Teaching a kid to fish does not have to be difficult, if you follow the right steps. There is an old Chinese proverb that states:
“Give a man a fish and you feed him for a day. Teach a man to fish and you feed him for a lifetime”. How true that is, teach a kid to enjoy fishing and you will have a lifetime fishing partner! I taught my kids to fish, while pulling out my hair, and now they love it. I will show you how to take the pain out of this task so that they will come to love fishing and the outdoors.
First and foremost you must be patient with your kids as they learn to cast for the first time check more buying guide best wood router . They become aggravated when they can’t cast as far as you can, then quickly want to move on to another task that they already have an interest in. Out comes the Game boy. I created a game for my kids that we played at home in the yard; you may find this fun and helpful.
Make three targets and set them out in the yard at ten, fifteen, and twenty feet away. Then assign a point value for each target, say ten, fifteen, and twenty points. We always played to a score of fifty. They may only play once or twice a week so let them win some too! Now you have a game they can play to learn the task of casting before you go to the lake.
Now that you have a cast master, it’s off to the fishing hole!
Show them how to properly tie a fishing knot by tying on your hook on your line as they follow along, tying on their own hook. This can be done in conjunction with the casting game. In steps frustration, don’t let them struggle with this task too long or they will lose interest. Out comes the Game boy. Ask them if they want you to do it, remember it has to be a fun experience.
Now for the prey, be sure to target fish that are easy to catch. Bluegills for example are abundant around most docks and marinas, and are very easy to catch. Use very small hooks and a small piece of worm for bait with a bobber.
Crappies are also easy to catch, and eat; they are located around boat docks with brush piles under them. Check with local marinas to see if they have a crappie house, if you don’t have a boat. Using live minnows for bait and a bobber so they can see when they get a bite.
Catfish are also simple to catch. They are bottom feeders and eat minnows, stink bait, and a host of over the counter and home made baits as well. I recommend a sliding weight above the hook. Let the fish take the bait on a free line, if they feel the resistance they will drop the bait. Set the hook while the line is moving and you will catch the fish almost every time.
Don’t try to make them a bass pro on the first trip, keep the action fast. I recommend a Zebco 33 spin cast reel. It’s very dependable and near indestructible, it will last them for many years. Use a light rod not more than 5’6″ long, any longer than that and their casting accuracy goes way down. Also with a light rod that one pound crappie seems to be as big as a whale. I would buy monofilament line not larger than 10 lb test in strength. Heavier line will make it more difficult to cast, and I believe lighter line catches more fish. A small tackle box is a must have for every junior angler!
Don’t go out there and set junior up with a crappie rig and you tie on this pretty spinner bait, they will want to use the same bait as you do. Stay away from treble hooks! There are way too many points to stick into too many different places.

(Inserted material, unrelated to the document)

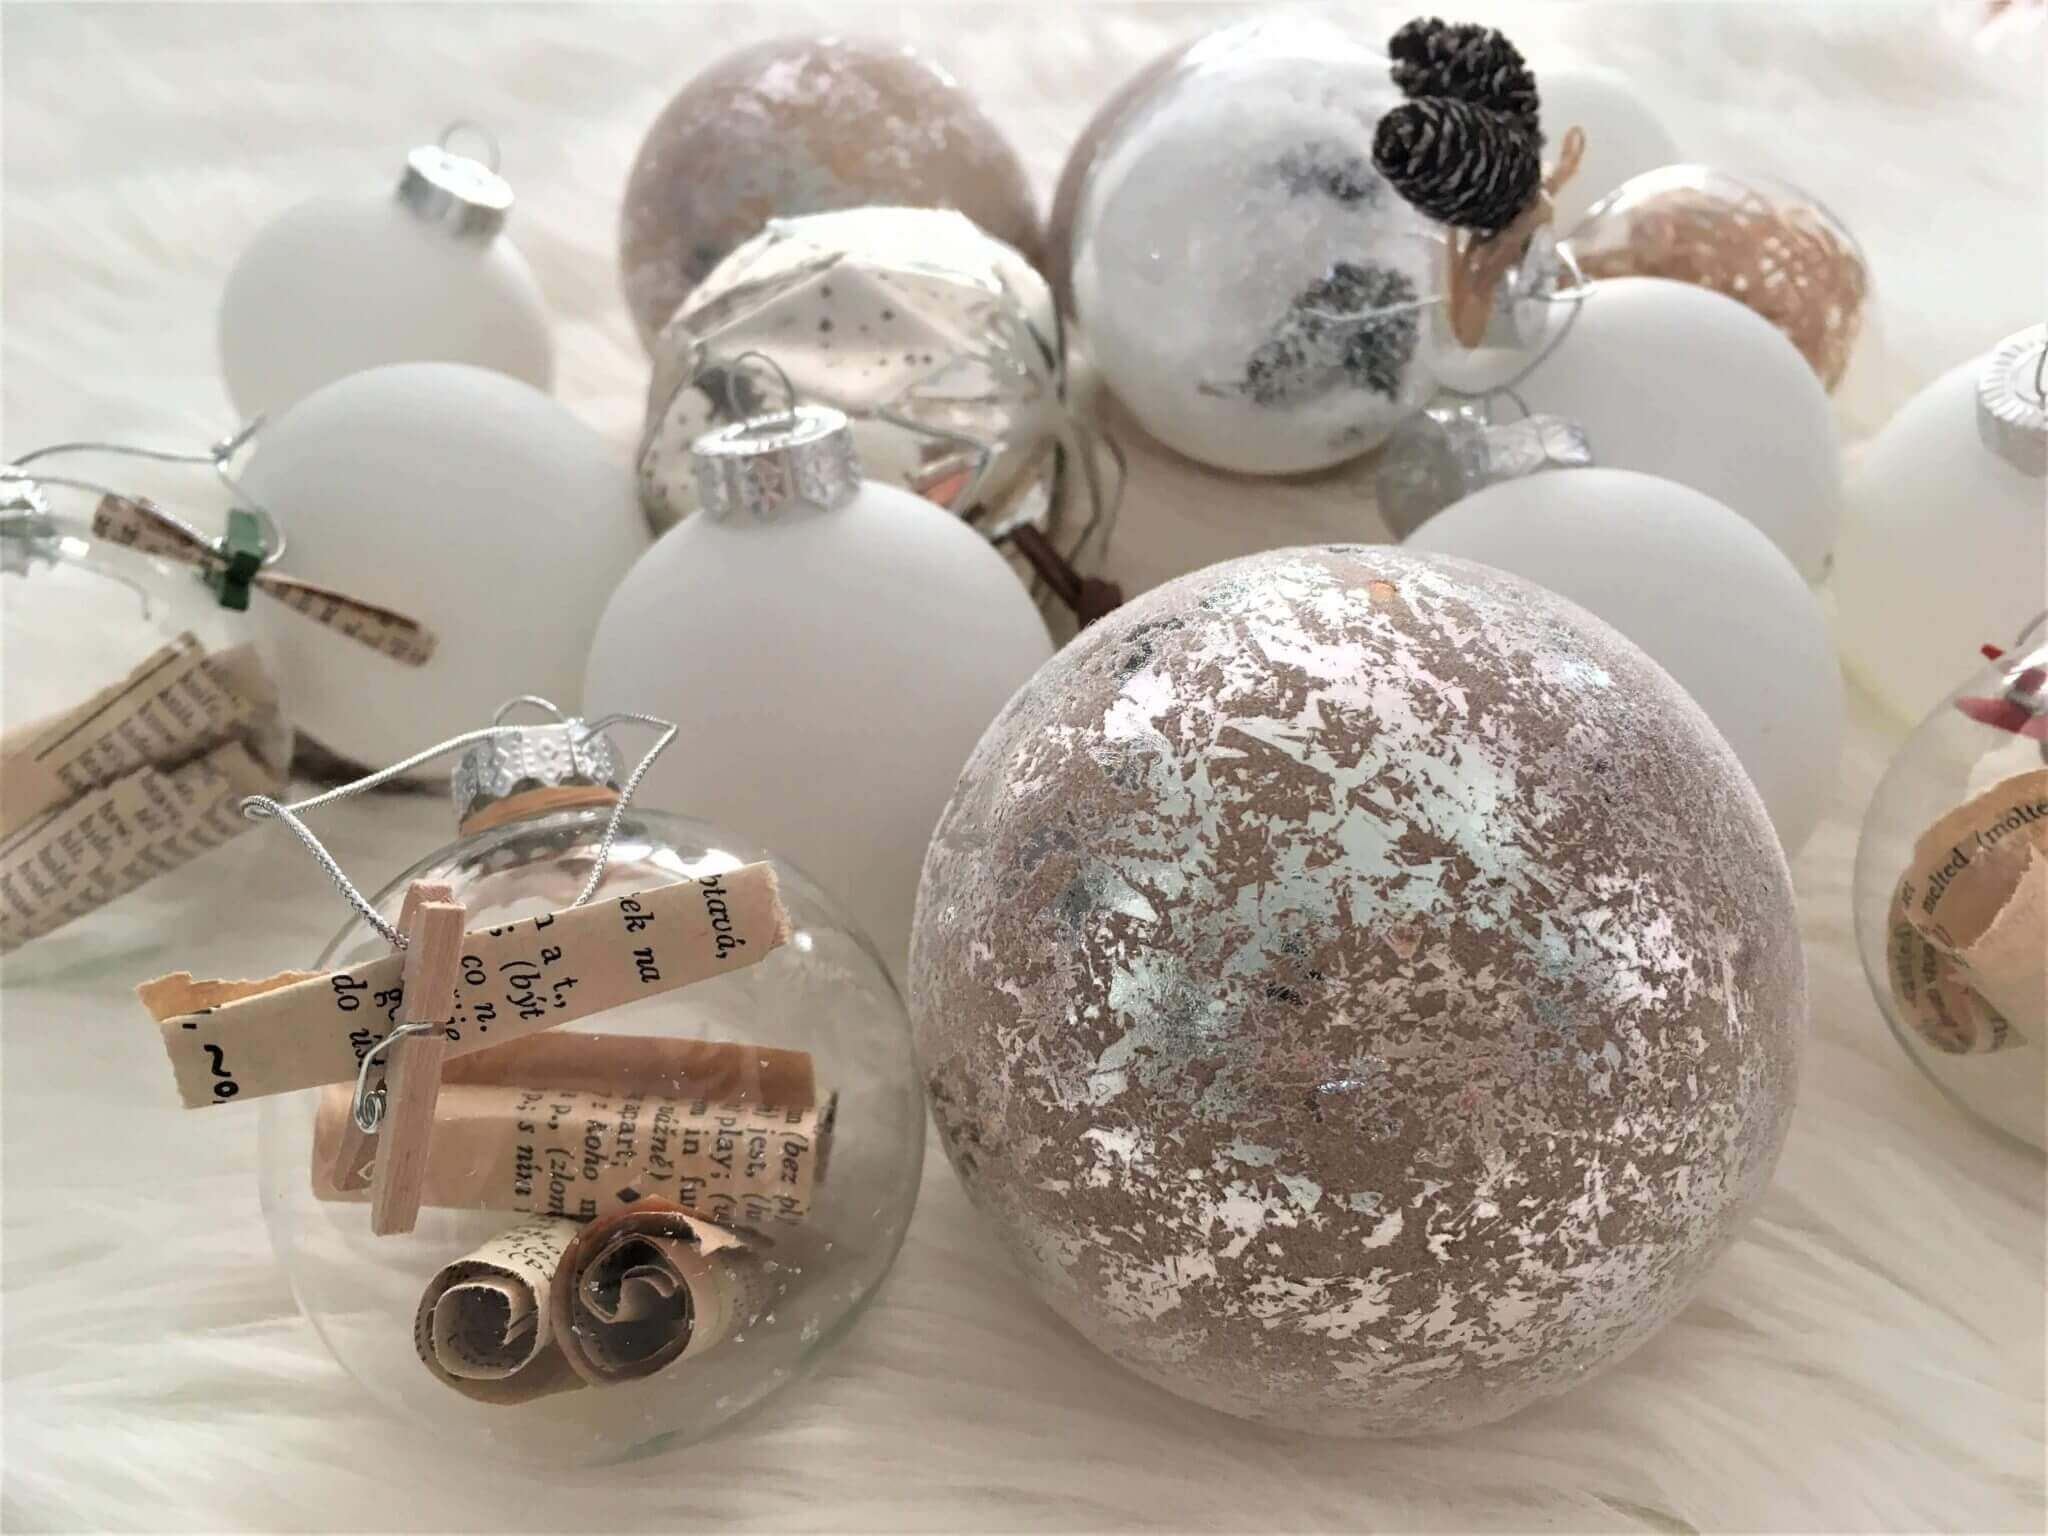 IMG 2416 2 - Es ist Zeit für Schmuck und Deko - Weil Weihnachten ist

As I close be sure to teach them about conservation. Keep only what you will eat. Don’t throw your excess bait into the lake, give them to another fisherman. Don’t keep them out there all day, if the fish aren’t biting try skipping some rocks. You may also consider hiring a fishing guide! They get paid to catch fish.
One of the best time of the season to hunt for trophy deer is after the more “laid-back” hunters hang up their guns for the year. They have returned to their homes hiding from the extreme cold and found a place on the couch where they can focus on the sports shows on the television until the ground thaws.
This is also the best time of the season because it is following the rut, when bucks get back to their normal routine. This doesn’t necessarily take a long time, maybe a week or two after the regular gun season. When the deer get back to what deer do; eat and bed down. Once the winter unleashes its fury and there is a definite cold in the air and snow on the ground. If you can get this right combination, you are set for a great late season in the deer woods.
This provides the hunter with the perfect storm and allows us the opportunity to discuss some late season tips for hunting deer. Success in the late season then becomes knowing three things; where do the deer eat, where do they bed and how do they get between both places. If the winter has thrown out its blanket of snow, finding these paths will be extremely easy. Gather as much information on this triad as possible. This is key for your late season success.
The smart hunter understands that deer generally bed in different places in the winter than during summer months. In the winter, deer use very heavy thickets to bed. These areas are often too difficult for a hunter to get through without completely letting the deer know you’re there. Not to mention the fact that the area covered by a deer during the winter months is always multiplied 10 fold due to the fact that the food sources that were once plentiful and close by have been harvested, so greater distances are often necessary to garner the food they need.
It should be noted that even though the area covered by the deer in winter months increases, the deer remain very concise about the areas that they bed and eat in. They will travel in their smaller area until the food is consumed or destroyed by the winter weather, then they move on within the larger area to locate food and the process repeats.
Consider the available food sources. As most hunters know, deer do like acorns. In the late season though, these acorns have often times become food for worms, squirrels or other animals. If this is the case, this makes them less than appealing to the deer roaming the area in search of food.